Understand the problems
This doesn’t mean that South Africans should embrace a Pollyanna-esque attitude that blithely ignores the challenges that lie ahead. Rather, the narrative needs to understand exactly what the problems are and how these can be addressed sustainably and intelligently.
“There is no use sitting back and pretending that we are all OK; it’s not true,” says Herbst. “We have a lot of work to do and as often as we immerse ourselves in the negative, we tend to paint pictures of how good things are. Realism means we are all working together to overcome the issues and we have a realistic view of tomorrow.”
That said, realism isn’t about abandoning the positive in favour of just carrying on blindly while hoping things change. It is about recognising that the worst may very well be in the past and that there are some good- even great – things expected in the future. The next year may not see the economy make a miraculous recovery but it will see steady growth that will make a real difference to business.
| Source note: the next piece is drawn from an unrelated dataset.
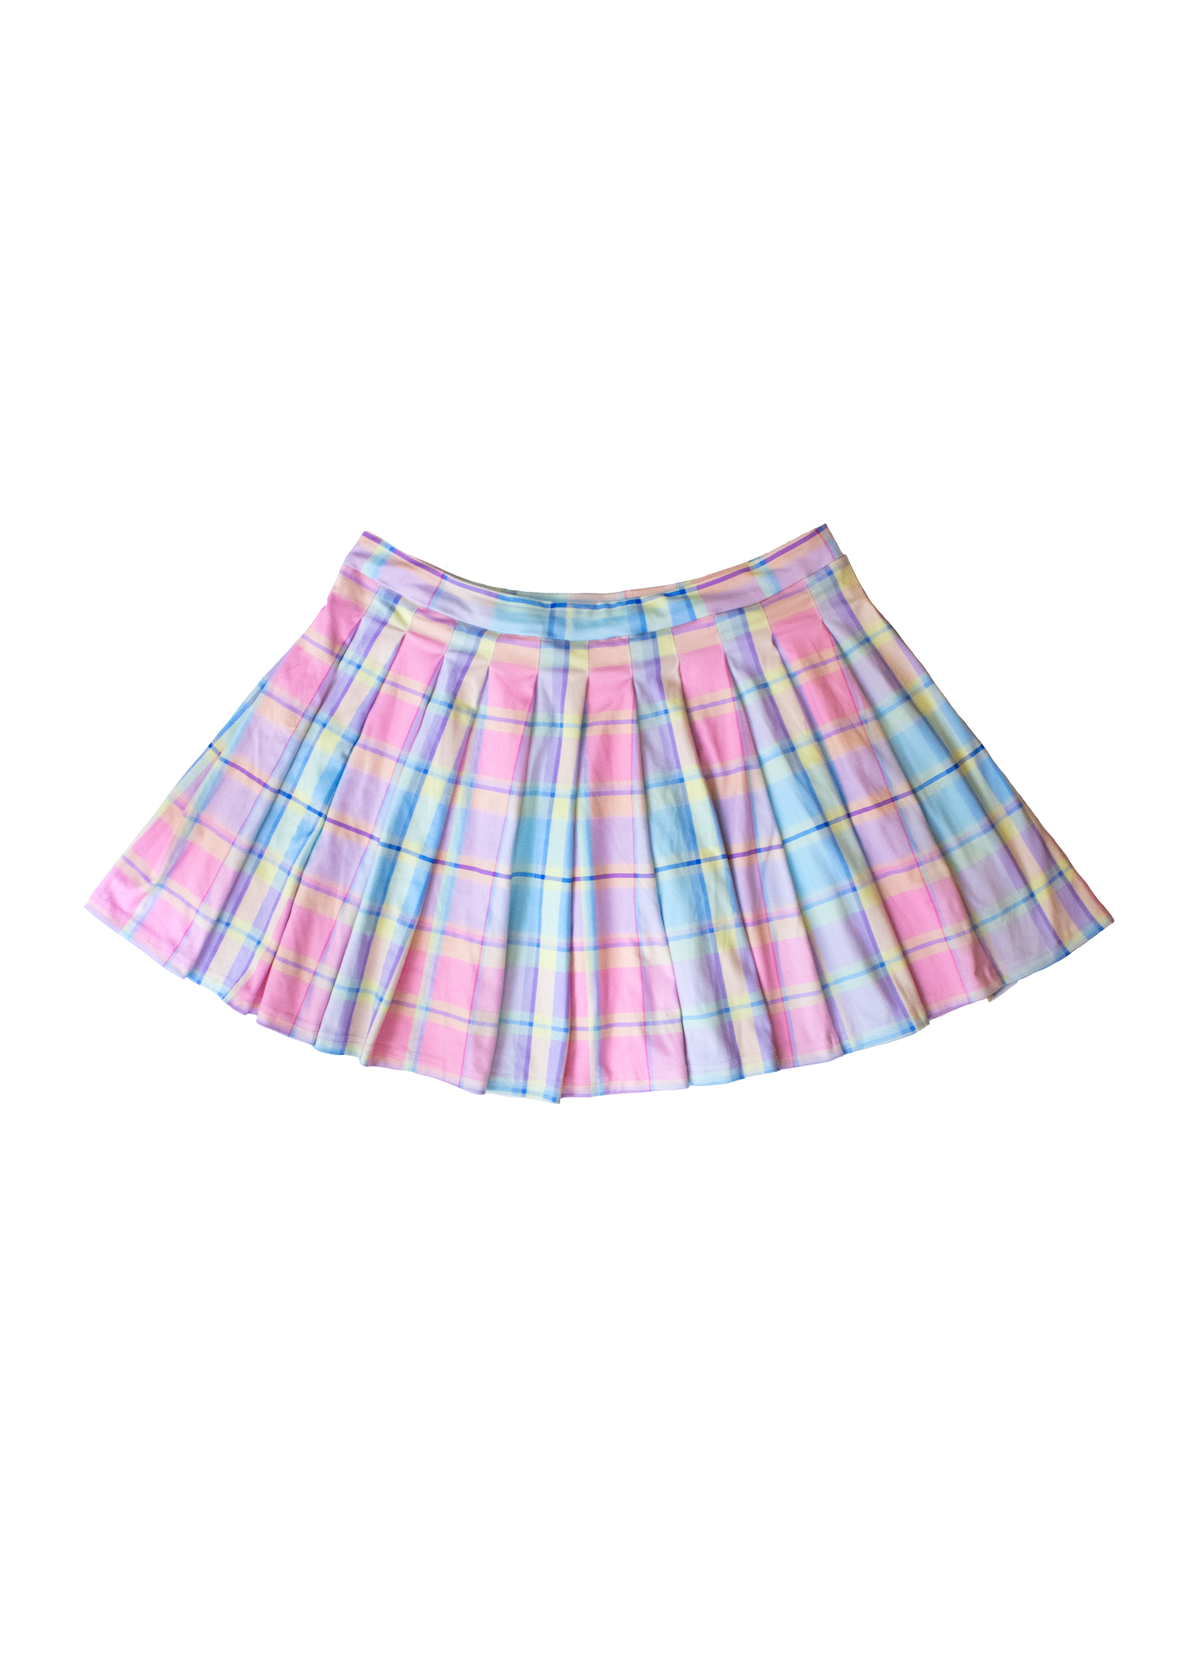 S plaid pleated mini skirt in konpeito

“Moving forward, we need to focus on providing people with the skills they need to become, and remain, employable in a rapidly-changing environment,” says Herbst. “The multiple layers of government, business and NGOs need to tackle the education and skills challenges as these will impact us all. Africa is a premium destination for business, South Africa is still a driving force on the continent, and we need to work together to leverage this and create opportunity.”
There are even more reasons to be positive about the country, beyond just realism and State Capture revelations and collaboration. The country has extraordinary tourism potential alongside rapidly improving infrastructure, accommodation and transportation. Few countries offer as much as South Africa does when it comes to wildlife, ecosystem, and tourism.
“Along with tourism, I am genuinely excited about what the South African youth have to offer to the country,” concludes Crisp. “Their conversations have depth, they have a level of wisdom our generation did not, and they are passionate about what they can do to change the country for the better. There are extraordinary youngsters who have a maturity, thanks to cultural norms such as “black tax“, who are setting new standards and really give me hope for our future.”
The changing landscape
The landscape is changing. Yes, there are still systemic issues, legacy problems and big challenges that have to be overcome, but they aren’t being ignored or left by the wayside.
There are initiatives in place, commitments being made and steps being taken. Turning a country around is a slow and steady process that takes time and, even though it may have lost its way for a while, things are very definitely back on track.
It is time to take a realistic look at where South Africa is today compared with yesterday and to celebrate its achievements, because there have been many, and even more lie ahead.